Identifying interactions
For a given FDR threshold in each data set, all significant marker pairs were placed in genomic order on an n × n matrix, where n is the number of markers for that data set. To be conservative, we eliminated all candidate interactions only one marker wide using an automated computer program and imposed the criterion that clusters made up of five or more adjacent, significant marker pairs were sufficient evidence for interaction (Methods, Supplemental material, and Supplemental Fig. S2). Examples of an excluded interaction peak with only one marker are shown in Figure 2, A and B, and an included peak in Figure 2, C and D. Marker pairs were assigned to interactions using a recursive, cluster-labeling algorithm starting at FDR <0.1% and progressing to increasingly liberal FDR thresholds.

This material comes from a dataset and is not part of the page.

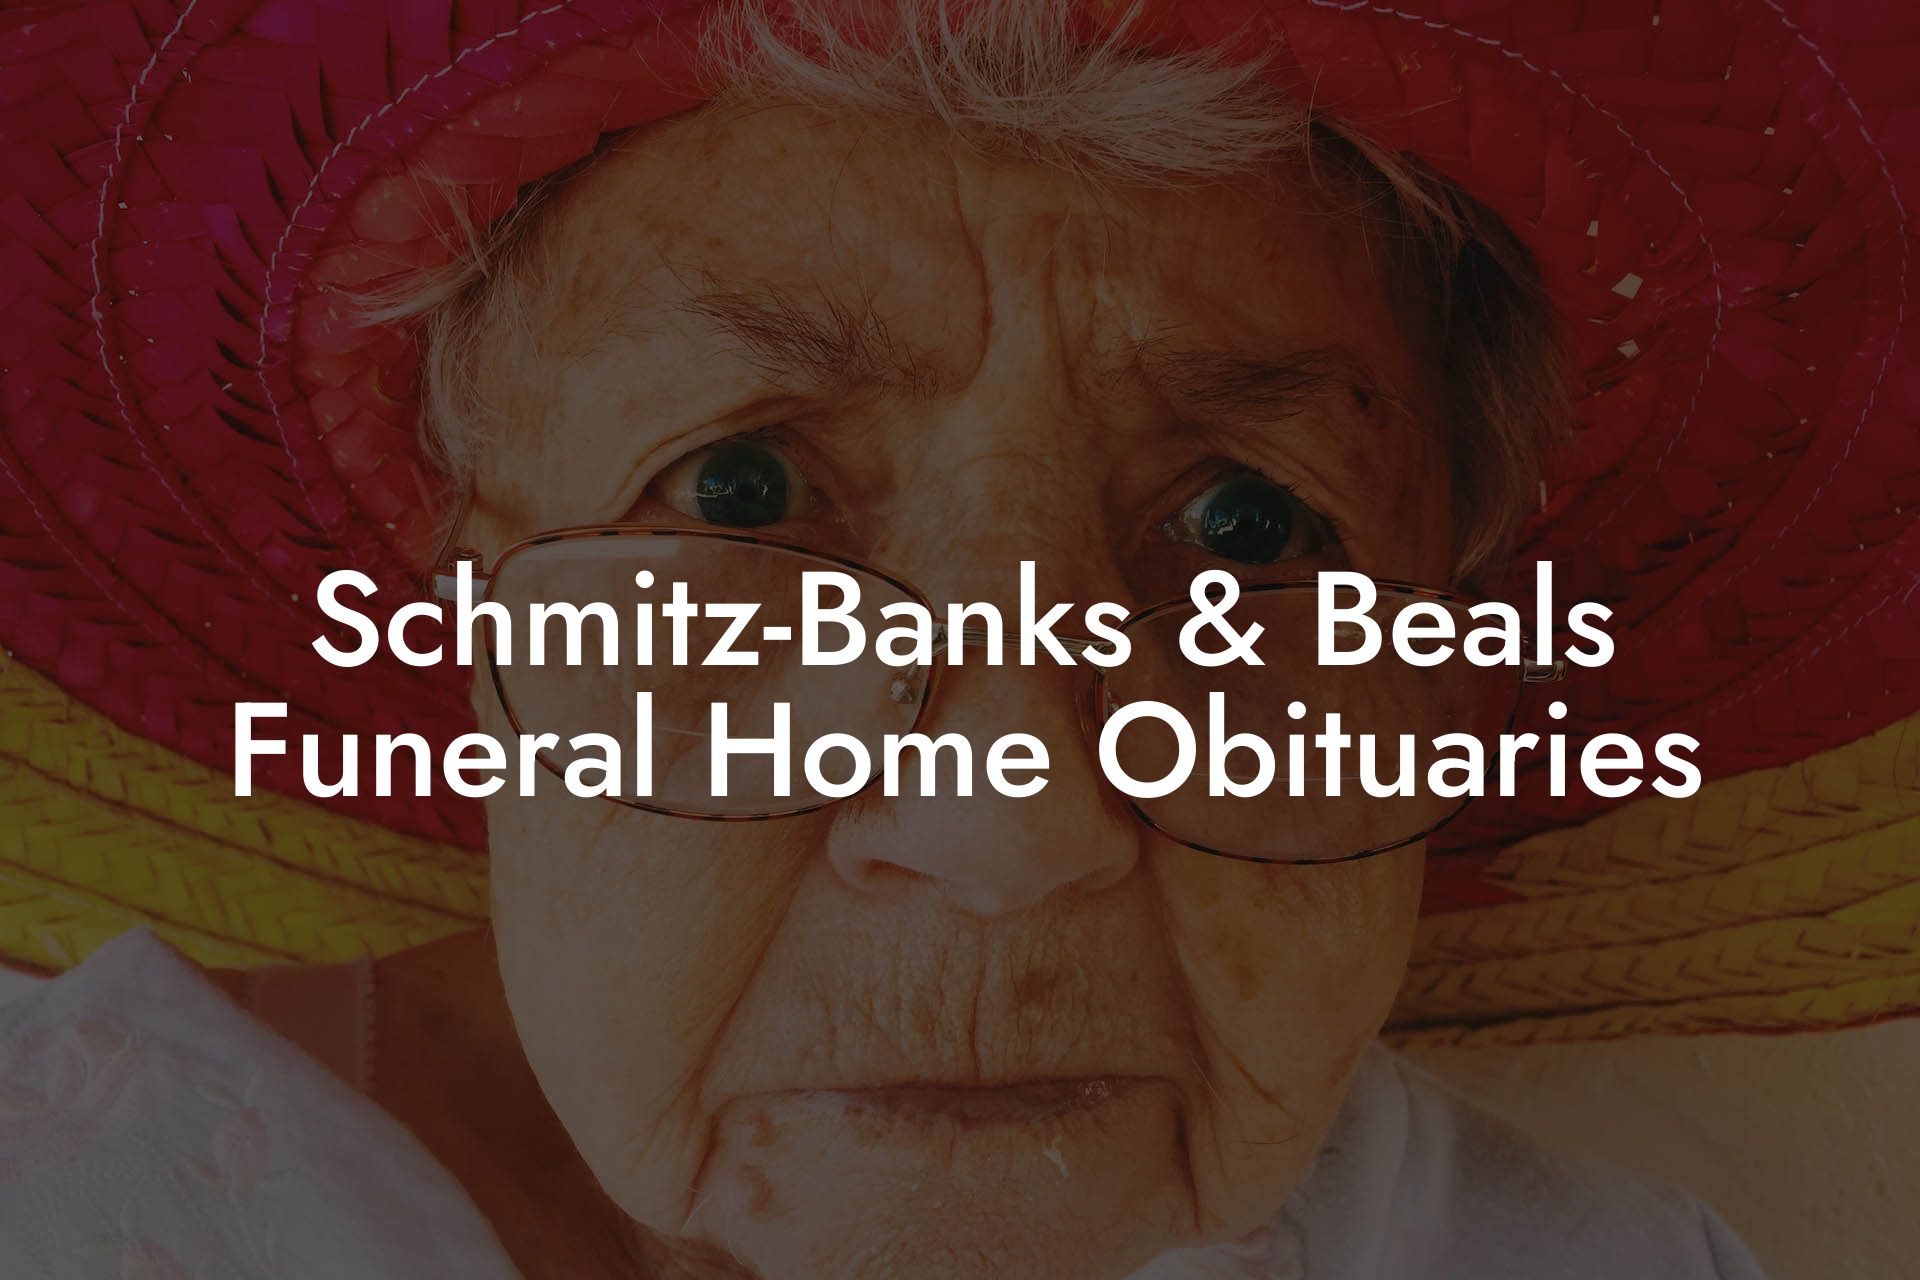 Schmitz-Banks & Beals Funeral Home Obituaries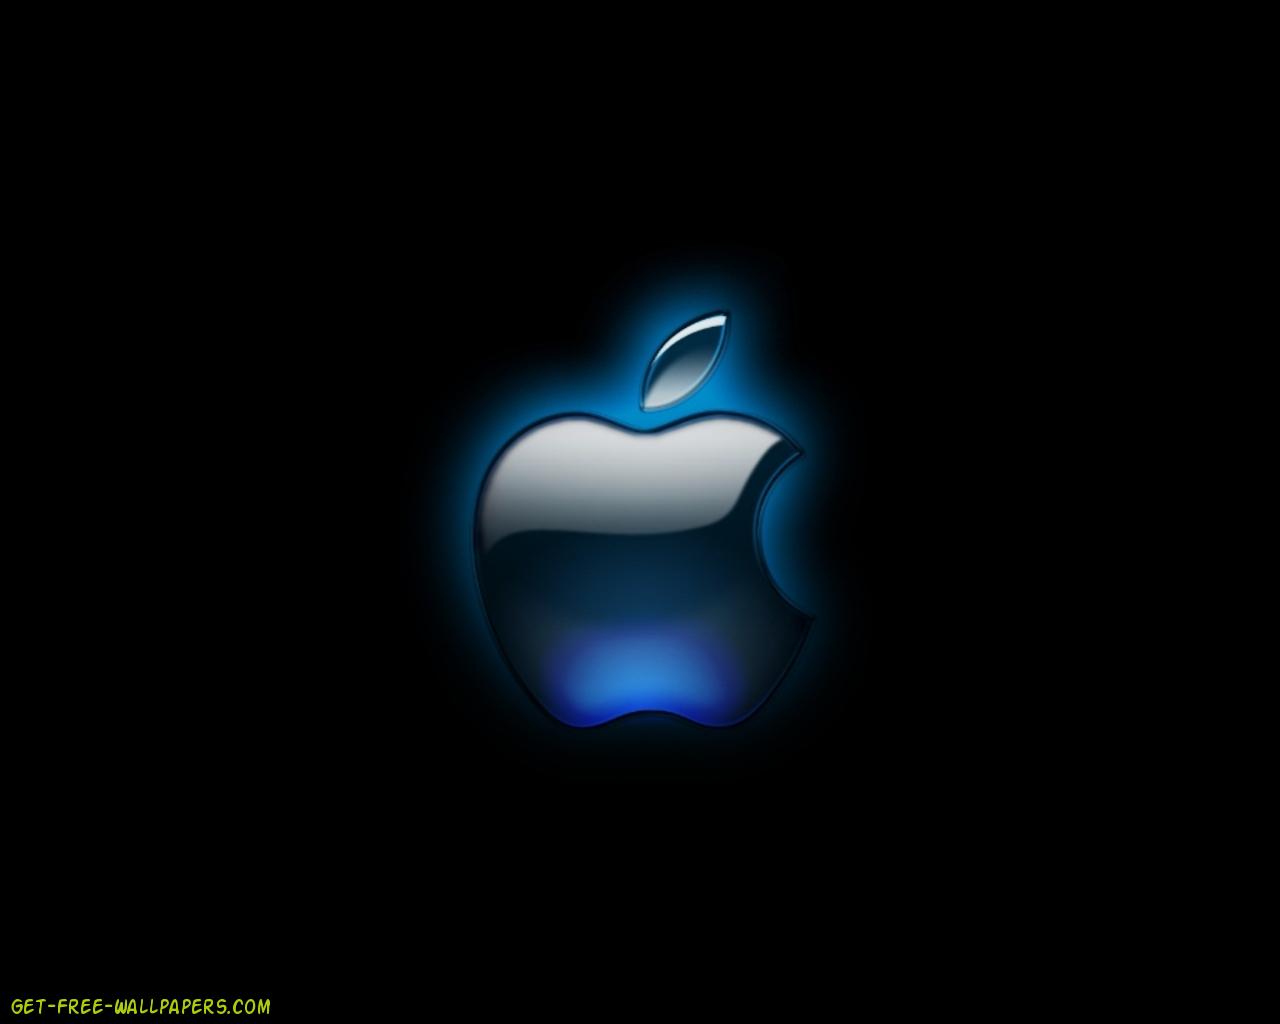 40 Gambar Black Apple Logo Wallpaper Hd terbaru 2020

For each identified interaction, the genes closest to the marker pair comprising the interaction peak (largest −log10P) were selected as the most probable candidates for genetic interaction. The number of gene–gene interactions in each panel is shown in Supplemental Figure S3. The rat data set produced the largest number of interactions, with 219,307 identified at FDR <40%.
Converting markers to human
To compare interactions in the individual RH data sets and eventually combine them, we placed the markers on a common genome. Because three of our panels covered the human genome, we chose this genome as the scaffold. Using the UCSC Genome Browser liftOver utility (http://genome.ucsc.edu/cgi-bin/hgLiftOver) together with imputation exploiting synteny conservations, 89.07% of mouse, 95.87% of rat, and 99.59% of dog markers were placed on the human genome.
Overlap between RH networks
To assess the reproducibility of interaction identification, we examined the amount of overlap between interactions in each panel. Due to increased power, overlap increased as the FDR threshold was relaxed (Supplemental Table S1). At FDR <40%, the mean −log10P of the 15 pairwise comparisons between all six networks was 10.73 (overlap comparisons throughout were one-sided Fisher's exact test; Table 2).
Table 2.
aMean of −log10 P overlap with other data sets.
As well as having fewer interactions, the TNG and dog data sets had more limited overlap with the other panels (Supplemental Fig. S3, Table 2). Genotyping noise may be more of a problem in high-resolution panels such as TNG, where the average correlation between nearby markers is diminished. An analogous problem may occur in panels with smaller marker sets such as dog.
Combining RH data sets
Given the overlap among the interactions in the RH panels, we combined the data sets to improve power. To maintain comparability of marker and breakpoint densities in the combined data sets, we used markers from all panels. We interpolated the retention vector for each marker across other panels using data from the nearest marker in each panel (Peirce et al. 2007).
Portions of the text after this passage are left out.